Cuando los terroristas llevaron a la esposa del gobernador al lugar que conocíamos de antemano, y estaban redactando el ultimátum, se llevaron una sorpresa: cayeron dos patrullas sobre ellos, liberaron a la esposa, y cogieron prisioneros a todos los de la banda. Me llevaron con ellos por si había problemas de comunicación, y la sorpresa que me llevé yo fue minúscula: la supuesta esposa del gobernador romano no era otra que Fiammina, a la que había conocido en casa de Arnus. Naturalmente, los bandidos no la conocían en persona, ni a la esposa del gobernador tampoco. Supusieron que la que dormía en la cama de la esposa del gobernador era la gobernadora, y se la llevaron sedada, como habían planeado desde el principio. Ella era la que había corrido el peligro, si la cosa hubiera salido mal.

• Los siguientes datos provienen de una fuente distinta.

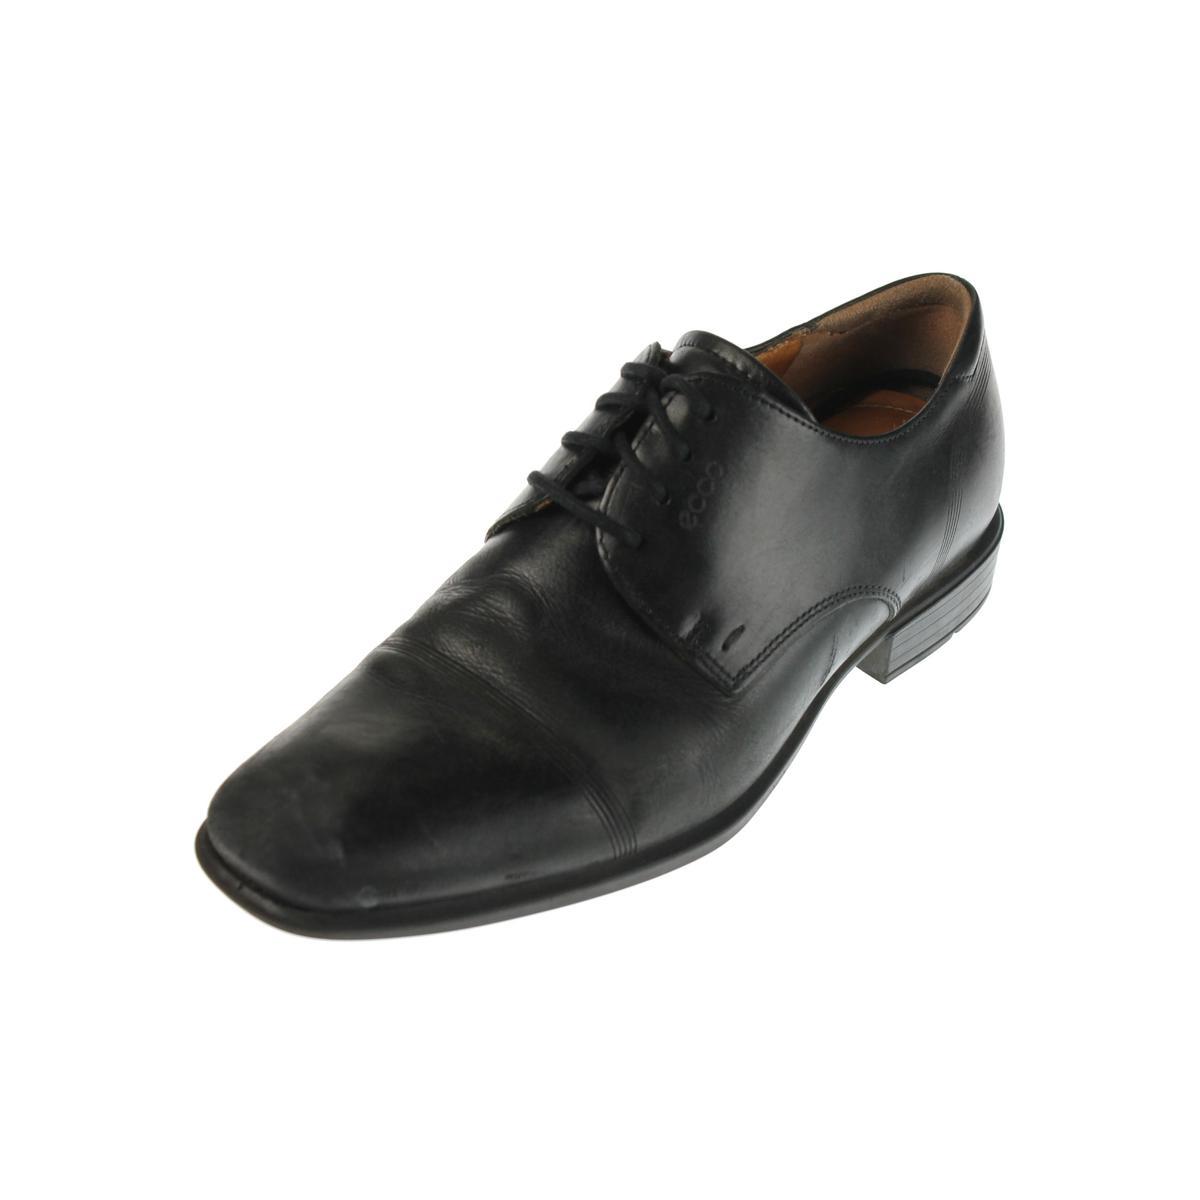 ecco 7351 mens cairo cap toe black leather dress derby

El propio gobernador me felicitó en persona por mi astucia y me ofreció su ayuda y su disposición a hacer por mí lo que yo le solicitase. Sabía que los romanos no me darían la libertad así como así, por lo que yo aproveché para pedirles a Fiammina. Que se me asignase a mí. El gobernador, con sonrisa cómplice y picaresca me dijo que lo intentaría, y al día siguiente, después de habérsela comprado a Arnus, me la envió al campamento.

Un esclavo que tiene una esclava, ¿dónde se habría visto eso? Bueno, yo me estaba adaptando al mundo de Roma bastante pronto. Ya me habían dado ropas de explorador local adjudicado al regimiento del General Laurentius, pero como tal no me permitían tener mujer conmigo. Pero, de todas formas, se me garantizó que estaría en lugar seguro y que cuando quisiera verla me la harían llegar de forma discreta, o me dejarían a mí ir a verla.

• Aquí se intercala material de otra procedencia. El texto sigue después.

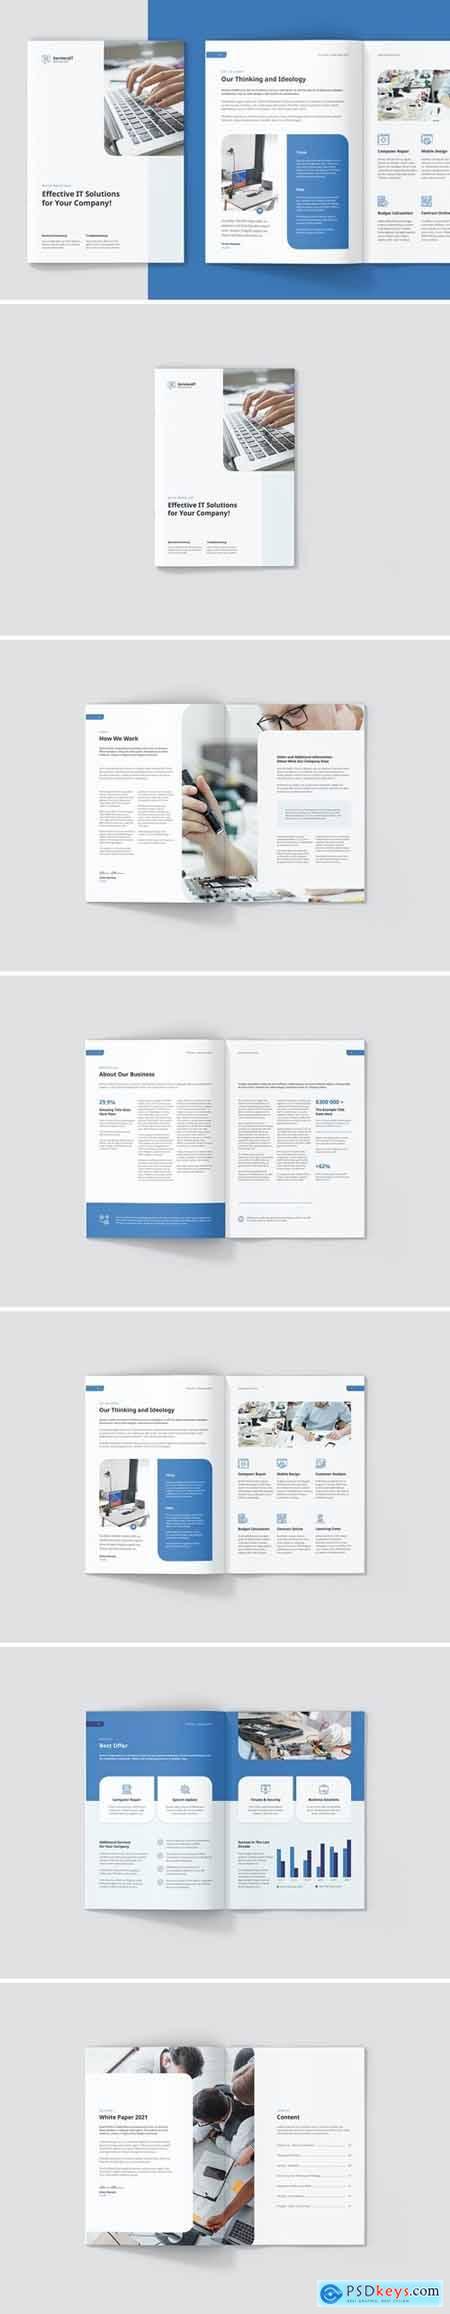 IT Services – White Paper 29724497

Cuando vio que en lugar de a casa de su amo se la retenía en el campamento se puso un poco nerviosa. Pero cuando vio que en la tienda entraba yo y no un oficial romano, se tranquilizó un poco.

Romana de la época de Tirolino.—¡Cómodo! No sabes cuánto me alegro de verte.

—Yo también, Fiammina. Pero he sido yo quien ha insistido en que te quedes.

—¿Cómo?

—Te he pedido como premio a mis servicios. Pero no sé si te podré conservar en el campamento, o cómo podré conservarte.

Ella sonrió, pero un poco intranquila.

—¿Ahora te pertenezco a ti?

—En teoría sí.

—¿Tengo que llamarte amo, pues?

—No. Llámame Cómodo.

Aquella noche la amé por segunda vez. Luego, al alba, salió del campamento, y estuve unos meses sin verla. Tampoco quería verla yo, pues si los espías bereberes sabían algo de mí y de lo que había pasado, podrían tomar represalias contra ella.



Espero que disfrutes de esta historia séxtuple. Si así no ha sido, estudiaré encantado las críticas que tengas a bien enviarme
a mi dirección,  o a mi blog.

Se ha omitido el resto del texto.